While the retail industry has been leading the nation’s shaky economic recovery, many of the same challenges seen in 2011 will be experienced again in 2012, once again impacting the supply chain. With persistent high unemployment and slow growth, retailers will need to find ways to build upon their success. Accordingly, retailers will remain cautious in managing inventory levels and will pay close attention to economic indicators throughout the year.

With a presidential election in 2012, the focus of Congress and the administration will be on job creation and economic growth. As the largest private sector employer, supporting one in four U.S. jobs, the retail industry needs to be at the center of that focus. Congress will have the opportunity to pass a long-term highway reauthorization bill with a focus on freight movement and proper funding.
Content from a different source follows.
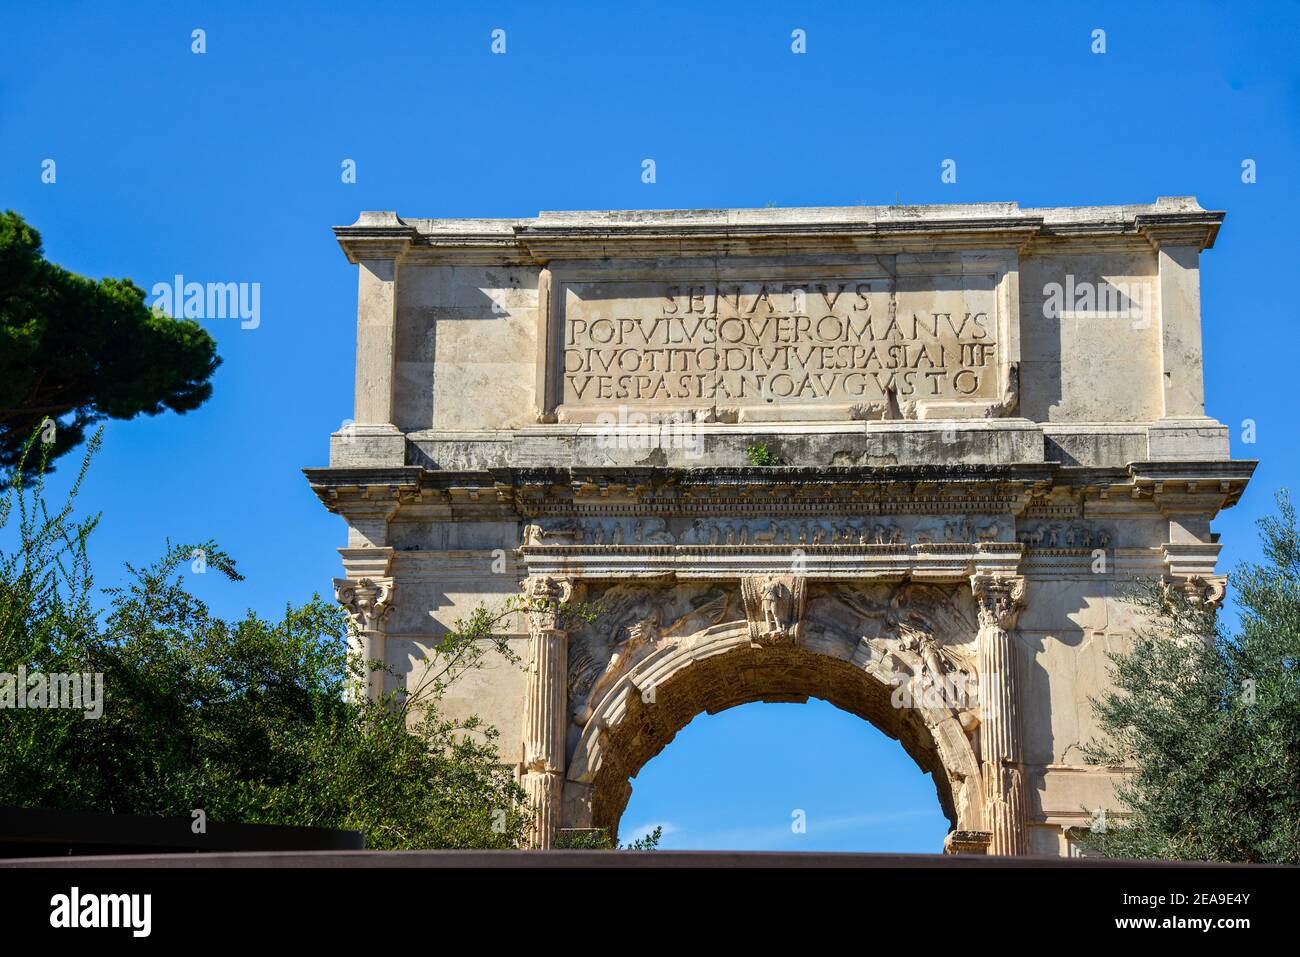 Arch of Constantino or Arco di Constantino in Rome, Italy Stock Photo

This could significantly jump-start the recovery, helping retailers and all transportation-related industries.

Unfortunately, any job creation may be threatened by the economic losses being felt by transportation providers. If the ocean carriers continue to see the losses they experienced in 2011, will it lead to the removal of capacity and increase in rates similar to 2010? Will this lead to consolidation within the industry? In addition, the administration is prepared to finally issue significant changes to driver’s hours-of-service rules that would negatively impact the trucking industry and efficiencies retailers have built within their supply chains.

2012 appears to be another challenging year for the economy and retailers alike. Even with these challenges, retailers are expected to be able to meet consumer demands without any disruption. Retailers will continue to use the lessons they’ve learned throughout the economic recovery to remain drivers of the economy and job creators.